Chocolate & Chilli Porridge

Porridge is a traditional Scottish breakfast, made with oats, salt and water. In this recipe Andrew, whose grandmother came from the Scottish highlands, shares his spin on this popular staple. It’s a little unconventional, but an ideal way to start the day whether you’re headed off on a horrible public-transport commute into the City, or for a fun family day out using your motorhome as the base. And of course it’s quick and easy to make, just like all our campervan recipies.


  • Servings: 2-4 bowls (depends on size of bowl)
  • Preparation Time: 2 minutes
  • Cooking Time: 5 minutes
  • Difficulty: Easy (even Andrew can do this)

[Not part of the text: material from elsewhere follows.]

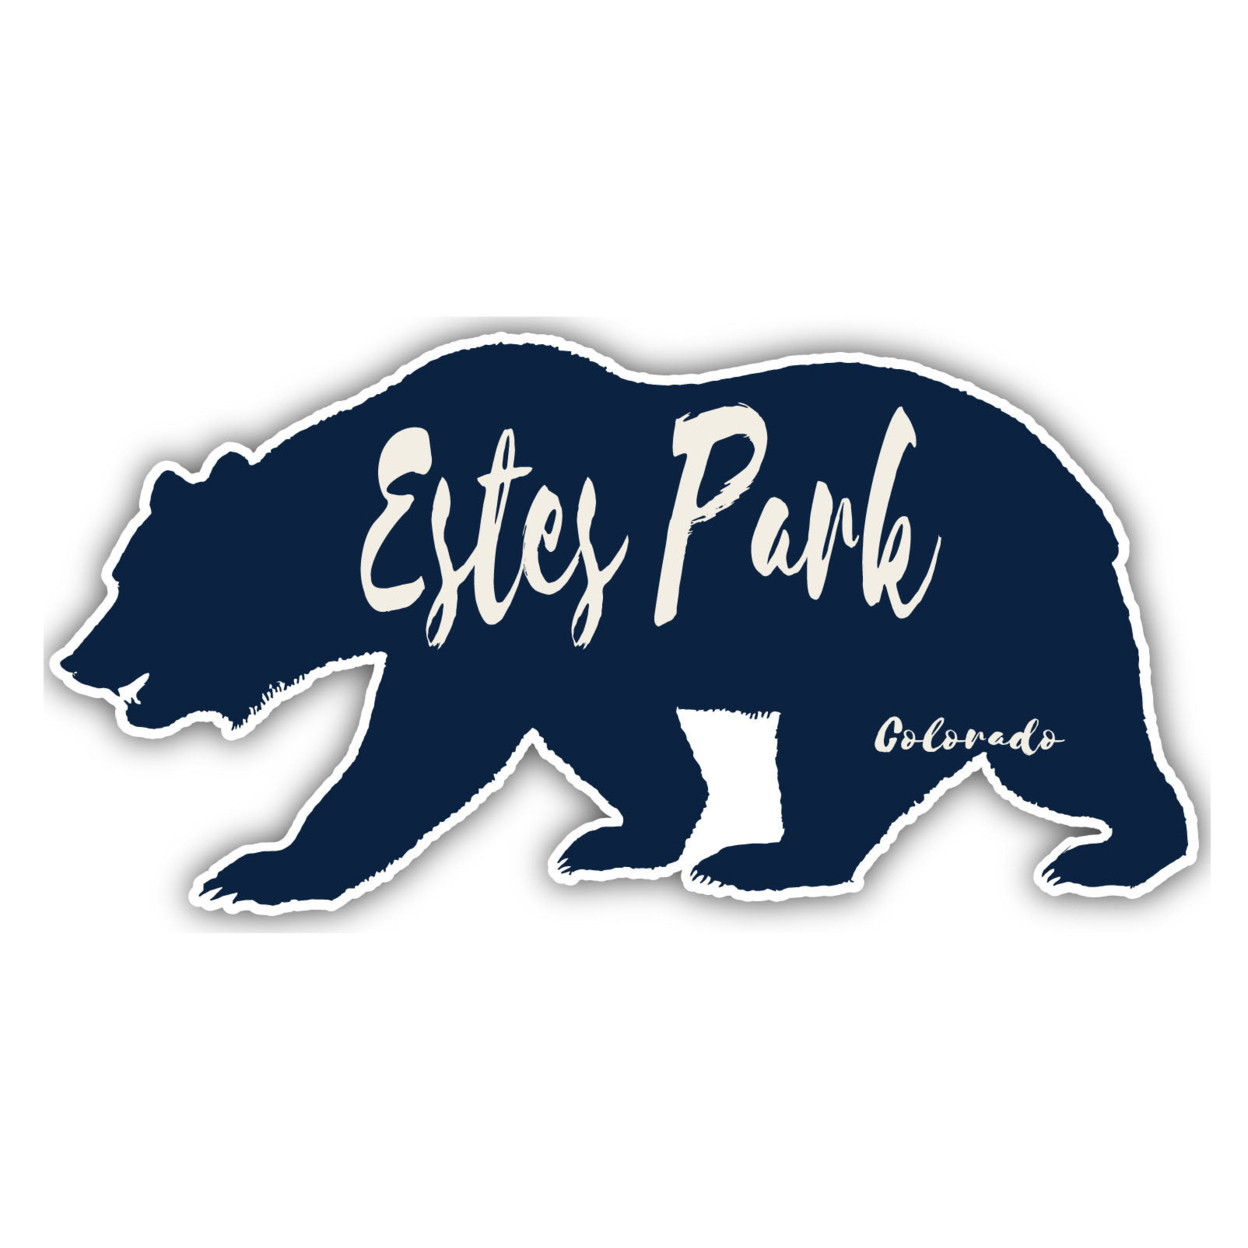 Estes Park Colorado Souvenir Decorative Stickers (Choose Theme And Size) - Single Unit, 6-Inch, Adventures Awaits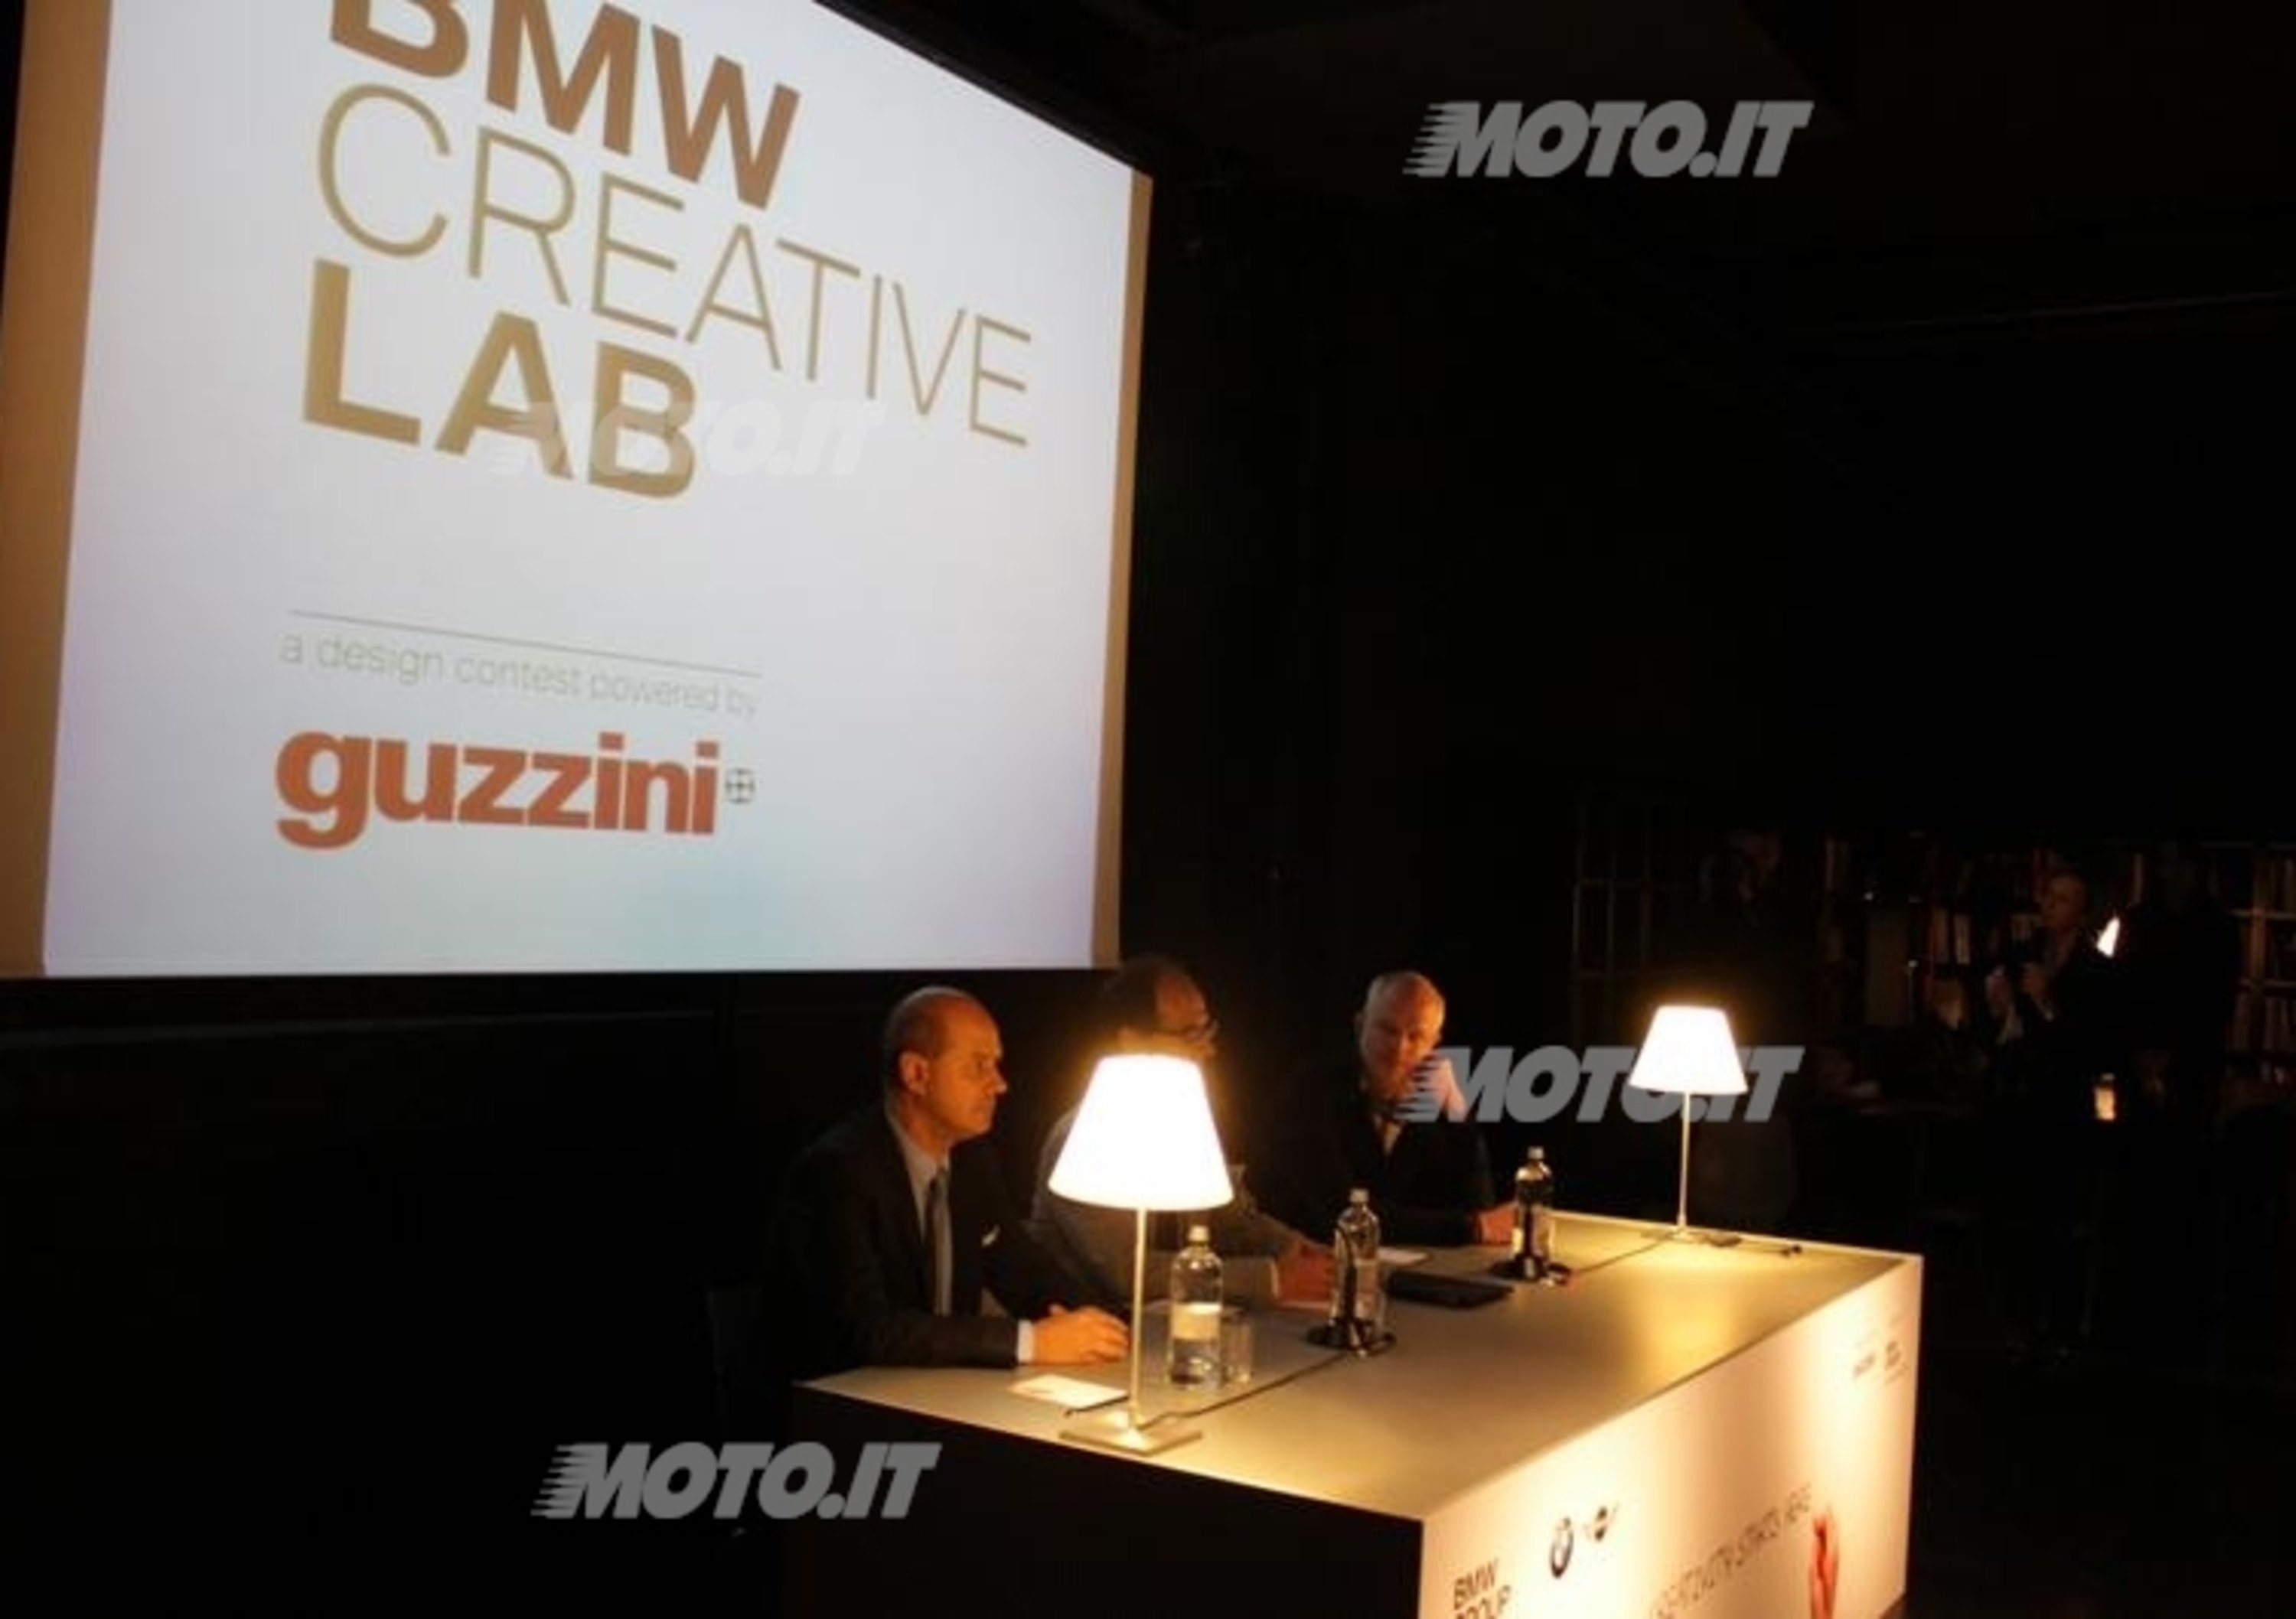 BMW Creative Lab: in premio un contratto per un anno

Photo of a bowl of chocolate & chilli porridge in a campervan

A bowl of chocolate & chilli porridge, garnished with tinned strawberries


  • 1 Cup Porridge oats
  • 3 Cups Milk (anywhere from skimmed to gold top, as you prefer)
  • Chilli sauce (Tabasco or Dave’s Ghost Pepper) work well
  • Chocolate (dark)
  • Honey


  1. Put the oats and milk in a large saucepan and heat gently. Keep stirring as the temperature rises and the mixture will start to thicken to a creamy consistency. If it starts to go solid, add more milk and keep stirring. Don’t stop stirring or overheat as you’ll burn the porridge and it’ll taste awful.
  2. When the mixture is hot and creamy add some dark chocolate. We find that a strip per person works well and gives a nice flavour but you can add more or less to taste. We have also experimented with mint chocolate (left over from an Easter egg) and that worked well too.
  3. If you have a sweet tooth but still care about your health then this is a good point at which to add some honey to the mix. We find that a desert spoon per person works well, and serves to nicely contrast the bitterness of the chocolate (which in itself cools down the heat of the chilli), but you can obviously add more or less to suit your taste.
  4. Stir well to ensure that everything is well mixed in and the flavours evenly distributed.
  5. This is a good point at which to serve up for children if you have any because, if ours are anything to go by, young ones tend not to like chilli at breakfast!
  6. Finally add chilli sauce to taste. We tend to use either a generous splash of Tabasco Sauce, or a few drips of Dave’s Ghost Pepper Sauce, but you can use whatever you prefer or have to hand. If you’re not going to be serving to children you may care to reverse the sequence here and add the chilli sauce first, before the chocolate and honey, because it makes it slightly easier to gauge the heat by taste earlier.
  7. Have a quick taste to check the flavours balance well to suit your palette and your diners, adjust any chilli/chocolate/honey ratios as you see fit, add a generous splash more milk if the dish isn’t creamy enough.
  8. Following a final stir, you’re ready to serve up. When available, we find that garnishing with a few sliced fresh (or even tinned) strawberries on the top works well, although you can use almost anything you fancy and at the right time of year may wish to take a wander around the campsite to forage for wild blackberries, and our eldest daughter is very partial to blueberries and sliced banana on her porridge.